The Yavapai were a nomadic people, traveling in families or in small bands. Their movements corresponded to the ripening of wild plant crops, such as mescal and saguaro cactus fruit. Some of the Yavapai, particularly those living near the Mojave and Yuma, grew corn, sunflowers, tobacco, and other crops in small plots. They hunted deer, antelope, rabbits, and other game and lived in either caves or dome-shaped huts framed with poles and covered with brush or thatch, much like Apache wickiups. Their crafts included pottery and basketry. Shamans presided over healing rituals.

The Yavapai first had contact with Europeans in 1582, when a Spanish expedition under Antonio de Espejo visited them.

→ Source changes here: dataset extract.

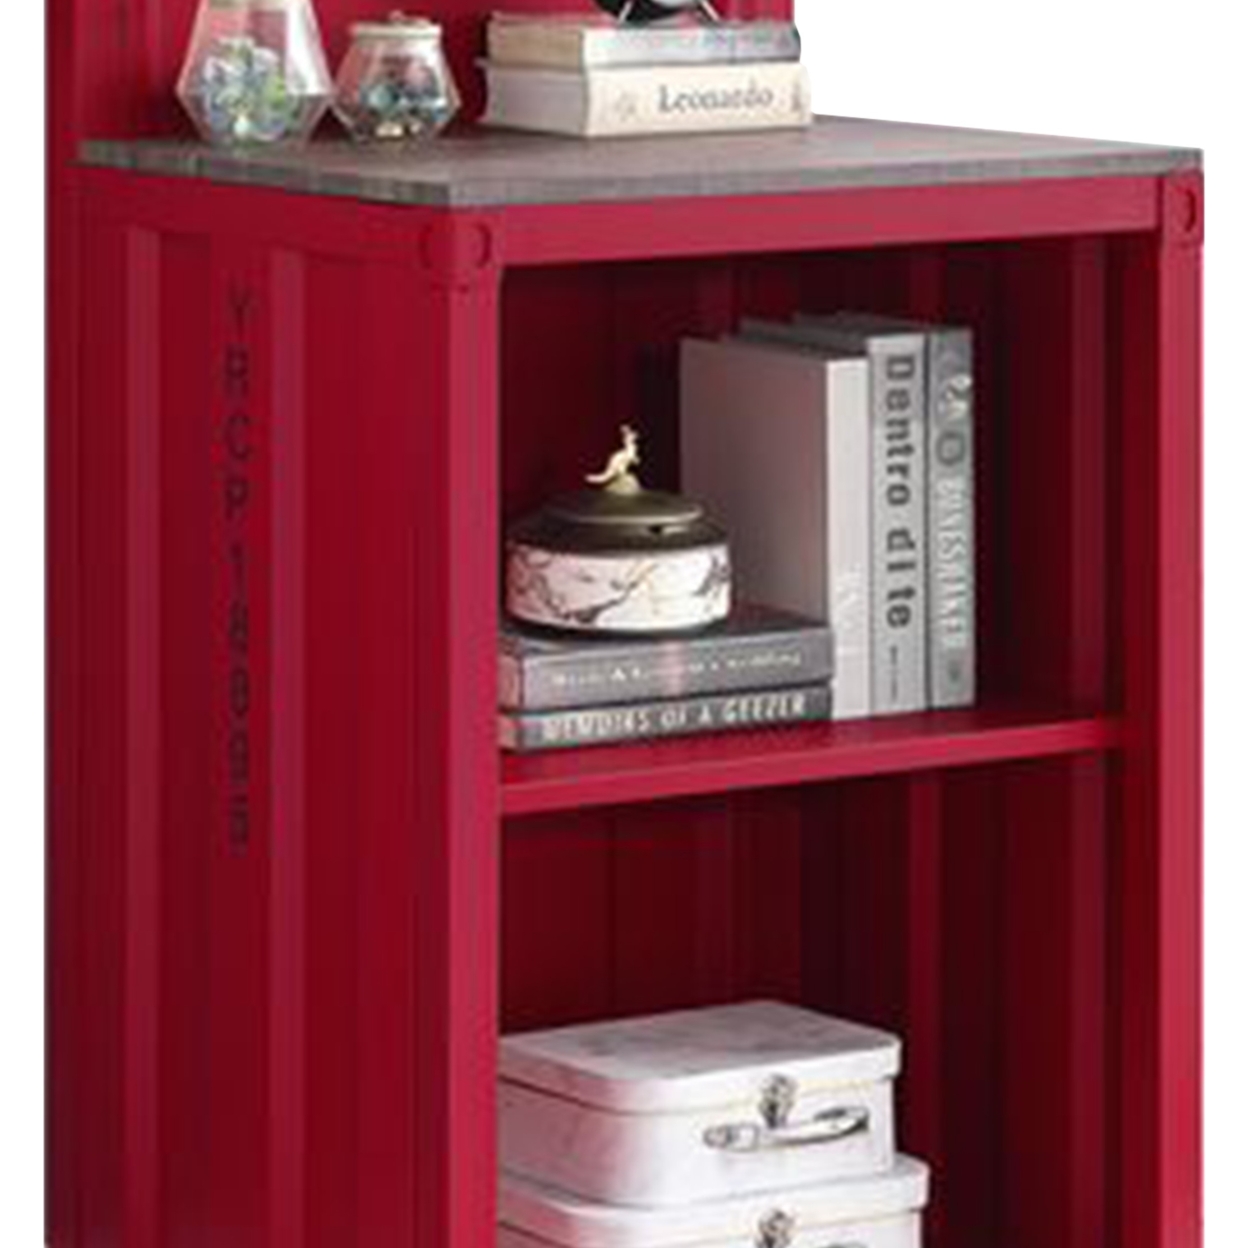 Reception Desk With Container Style And 3 Tier Shelves, Red- Saltoro Sherpi

Other explorers from out of Mexico reached their domain. Juan de Onate met with them in 1604. Father Francisco Garces lived among them in 1776, after which contacts with non-Indian traders and trappers became common.

The Yavapai were ruggedly independent, resisting missionary work and settlement. Some bands, especially the Kawevikopaya, joined with the Apache in raids on whites and on other Indians. Following the Mexican Cession in 1848 and the United States takeover of the region, the territory of the Yavapai came to be traveled and mined by increasing numbers of non-Indian prospectors, causing sporadic violence by Yavapai bands.

Their resistance reached a climax in 1872 during General George Crook’s Tonto Basin Campaign against Tonto Apache and Yavapai. Crook’s scouts located a war party in Salt River Canyon of the Mazatzal Mountains. In the ensuing Battle of Skull Cave, his soldiers pumped bullets into a cave high on the canyon wall. Some fired from below on the canyon floor, others from above on the rim of the canyon. Bullets ricocheted inside the cave, striking many of the Yavapai warriors. Some managed to escape from the cave and fight back from behind rocks. But soldiers on the escarpment rolled boulders down on top of them. About 75 Yavapai lost their lives at Skull Cave.